PROBLEM TO WORK ON -> In the records below, find the line that contains "Landsbygdsnätverkets styrgrupp Landsbygdsnätverkets" and the line that contains "Vista panoramica di", then retype exactly those two lines and every line between them.
[Opening SUPPLIED MATERIAL section]
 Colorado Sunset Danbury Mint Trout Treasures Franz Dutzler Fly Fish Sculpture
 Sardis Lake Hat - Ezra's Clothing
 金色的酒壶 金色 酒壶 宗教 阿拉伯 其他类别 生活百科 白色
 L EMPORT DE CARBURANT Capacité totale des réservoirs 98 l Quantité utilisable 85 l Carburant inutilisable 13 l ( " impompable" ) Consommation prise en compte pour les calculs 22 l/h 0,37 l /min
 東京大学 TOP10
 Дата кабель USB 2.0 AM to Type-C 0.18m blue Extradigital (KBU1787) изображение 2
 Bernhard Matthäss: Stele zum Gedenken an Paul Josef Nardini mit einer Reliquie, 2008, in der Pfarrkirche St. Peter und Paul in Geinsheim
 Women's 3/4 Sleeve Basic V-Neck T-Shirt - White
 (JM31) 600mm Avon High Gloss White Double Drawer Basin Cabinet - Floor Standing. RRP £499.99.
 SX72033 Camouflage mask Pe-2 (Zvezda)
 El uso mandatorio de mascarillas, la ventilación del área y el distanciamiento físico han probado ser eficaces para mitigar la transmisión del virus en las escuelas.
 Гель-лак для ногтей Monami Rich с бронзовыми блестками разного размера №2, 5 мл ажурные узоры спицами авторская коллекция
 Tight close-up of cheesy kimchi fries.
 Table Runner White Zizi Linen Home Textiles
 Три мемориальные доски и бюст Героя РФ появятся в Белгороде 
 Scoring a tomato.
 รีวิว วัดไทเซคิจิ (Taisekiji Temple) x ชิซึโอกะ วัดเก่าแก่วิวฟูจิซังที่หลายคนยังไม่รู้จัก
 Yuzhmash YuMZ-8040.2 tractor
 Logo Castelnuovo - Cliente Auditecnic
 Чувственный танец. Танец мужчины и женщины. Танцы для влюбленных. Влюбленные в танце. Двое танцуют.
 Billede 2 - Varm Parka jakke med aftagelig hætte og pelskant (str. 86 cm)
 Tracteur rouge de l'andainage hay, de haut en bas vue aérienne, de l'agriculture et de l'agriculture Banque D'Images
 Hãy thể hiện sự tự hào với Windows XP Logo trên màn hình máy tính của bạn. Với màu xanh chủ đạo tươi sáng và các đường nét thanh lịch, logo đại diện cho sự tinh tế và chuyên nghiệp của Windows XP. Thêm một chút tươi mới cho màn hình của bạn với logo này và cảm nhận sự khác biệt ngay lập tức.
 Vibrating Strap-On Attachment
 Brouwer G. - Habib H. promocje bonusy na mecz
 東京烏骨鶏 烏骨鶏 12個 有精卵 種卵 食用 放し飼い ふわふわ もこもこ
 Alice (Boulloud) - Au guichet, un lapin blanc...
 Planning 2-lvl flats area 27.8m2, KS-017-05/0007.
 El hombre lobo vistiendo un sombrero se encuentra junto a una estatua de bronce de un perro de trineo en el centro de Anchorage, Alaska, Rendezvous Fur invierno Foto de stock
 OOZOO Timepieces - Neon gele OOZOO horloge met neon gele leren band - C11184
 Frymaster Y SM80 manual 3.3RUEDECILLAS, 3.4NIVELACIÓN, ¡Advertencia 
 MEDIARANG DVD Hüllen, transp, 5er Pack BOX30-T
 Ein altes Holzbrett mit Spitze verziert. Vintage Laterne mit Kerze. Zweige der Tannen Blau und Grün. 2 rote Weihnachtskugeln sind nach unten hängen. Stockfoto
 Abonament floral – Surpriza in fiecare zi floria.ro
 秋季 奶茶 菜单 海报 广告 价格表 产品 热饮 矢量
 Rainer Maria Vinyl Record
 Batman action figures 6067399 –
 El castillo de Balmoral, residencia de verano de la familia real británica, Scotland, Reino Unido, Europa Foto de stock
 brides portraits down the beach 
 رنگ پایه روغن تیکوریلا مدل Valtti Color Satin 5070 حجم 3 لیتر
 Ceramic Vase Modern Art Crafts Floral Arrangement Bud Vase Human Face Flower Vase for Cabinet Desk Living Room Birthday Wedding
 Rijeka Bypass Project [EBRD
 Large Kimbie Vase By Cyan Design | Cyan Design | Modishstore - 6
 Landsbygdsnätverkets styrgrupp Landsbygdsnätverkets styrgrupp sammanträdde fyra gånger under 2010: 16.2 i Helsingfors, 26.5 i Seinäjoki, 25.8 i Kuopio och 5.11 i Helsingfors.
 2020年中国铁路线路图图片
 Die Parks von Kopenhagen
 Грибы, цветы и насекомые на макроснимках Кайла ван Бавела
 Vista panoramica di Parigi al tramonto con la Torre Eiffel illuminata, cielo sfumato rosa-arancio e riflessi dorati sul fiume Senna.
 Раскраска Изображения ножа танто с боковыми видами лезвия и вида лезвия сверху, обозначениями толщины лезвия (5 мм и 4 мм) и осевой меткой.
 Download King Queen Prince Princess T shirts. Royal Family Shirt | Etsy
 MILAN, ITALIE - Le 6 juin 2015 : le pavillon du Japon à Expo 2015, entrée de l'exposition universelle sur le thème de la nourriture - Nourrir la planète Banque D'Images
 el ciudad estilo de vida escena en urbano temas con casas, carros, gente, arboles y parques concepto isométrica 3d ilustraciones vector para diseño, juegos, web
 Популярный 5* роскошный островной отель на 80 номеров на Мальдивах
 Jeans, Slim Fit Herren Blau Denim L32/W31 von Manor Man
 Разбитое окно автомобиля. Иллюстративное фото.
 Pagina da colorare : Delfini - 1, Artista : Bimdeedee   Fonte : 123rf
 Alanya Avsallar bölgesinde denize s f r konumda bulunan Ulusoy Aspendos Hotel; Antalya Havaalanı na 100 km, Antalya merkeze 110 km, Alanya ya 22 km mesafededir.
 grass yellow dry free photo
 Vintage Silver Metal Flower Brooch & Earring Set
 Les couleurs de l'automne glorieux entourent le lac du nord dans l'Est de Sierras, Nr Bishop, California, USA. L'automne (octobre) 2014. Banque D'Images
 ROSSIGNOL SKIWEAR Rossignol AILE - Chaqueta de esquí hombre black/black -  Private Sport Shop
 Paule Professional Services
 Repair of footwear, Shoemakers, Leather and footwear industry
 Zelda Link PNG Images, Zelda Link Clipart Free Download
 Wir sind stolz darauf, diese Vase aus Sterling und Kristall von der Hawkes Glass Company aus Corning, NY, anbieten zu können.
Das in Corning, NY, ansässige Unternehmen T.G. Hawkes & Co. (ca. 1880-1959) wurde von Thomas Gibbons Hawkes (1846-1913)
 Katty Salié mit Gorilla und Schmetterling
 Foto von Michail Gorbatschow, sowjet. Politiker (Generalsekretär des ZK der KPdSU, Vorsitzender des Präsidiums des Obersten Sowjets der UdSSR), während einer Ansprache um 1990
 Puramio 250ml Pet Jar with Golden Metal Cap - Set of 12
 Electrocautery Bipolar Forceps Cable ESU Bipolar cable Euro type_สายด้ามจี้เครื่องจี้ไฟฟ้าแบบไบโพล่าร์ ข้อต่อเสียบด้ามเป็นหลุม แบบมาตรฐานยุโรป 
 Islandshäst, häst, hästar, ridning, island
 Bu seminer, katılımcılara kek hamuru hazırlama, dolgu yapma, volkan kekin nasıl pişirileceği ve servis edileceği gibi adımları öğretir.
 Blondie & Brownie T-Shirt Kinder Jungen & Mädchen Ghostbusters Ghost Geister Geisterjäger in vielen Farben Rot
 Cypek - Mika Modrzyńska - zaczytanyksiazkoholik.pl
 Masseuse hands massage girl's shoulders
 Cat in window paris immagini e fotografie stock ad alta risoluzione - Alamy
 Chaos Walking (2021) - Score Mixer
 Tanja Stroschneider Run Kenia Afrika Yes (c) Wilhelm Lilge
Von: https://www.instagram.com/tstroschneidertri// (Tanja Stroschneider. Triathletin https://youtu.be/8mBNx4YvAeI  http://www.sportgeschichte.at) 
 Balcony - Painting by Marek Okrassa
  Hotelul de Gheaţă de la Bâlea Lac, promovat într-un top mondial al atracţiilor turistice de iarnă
[Closing SUPPLIED MATERIAL section]
EXERCISE OUTPUT ->
 Landsbygdsnätverkets styrgrupp Landsbygdsnätverkets styrgrupp sammanträdde fyra gånger under 2010: 16.2 i Helsingfors, 26.5 i Seinäjoki, 25.8 i Kuopio och 5.11 i Helsingfors.
 2020年中国铁路线路图图片
 Die Parks von Kopenhagen
 Грибы, цветы и насекомые на макроснимках Кайла ван Бавела
 Vista panoramica di Parigi al tramonto con la Torre Eiffel illuminata, cielo sfumato rosa-arancio e riflessi dorati sul fiume Senna.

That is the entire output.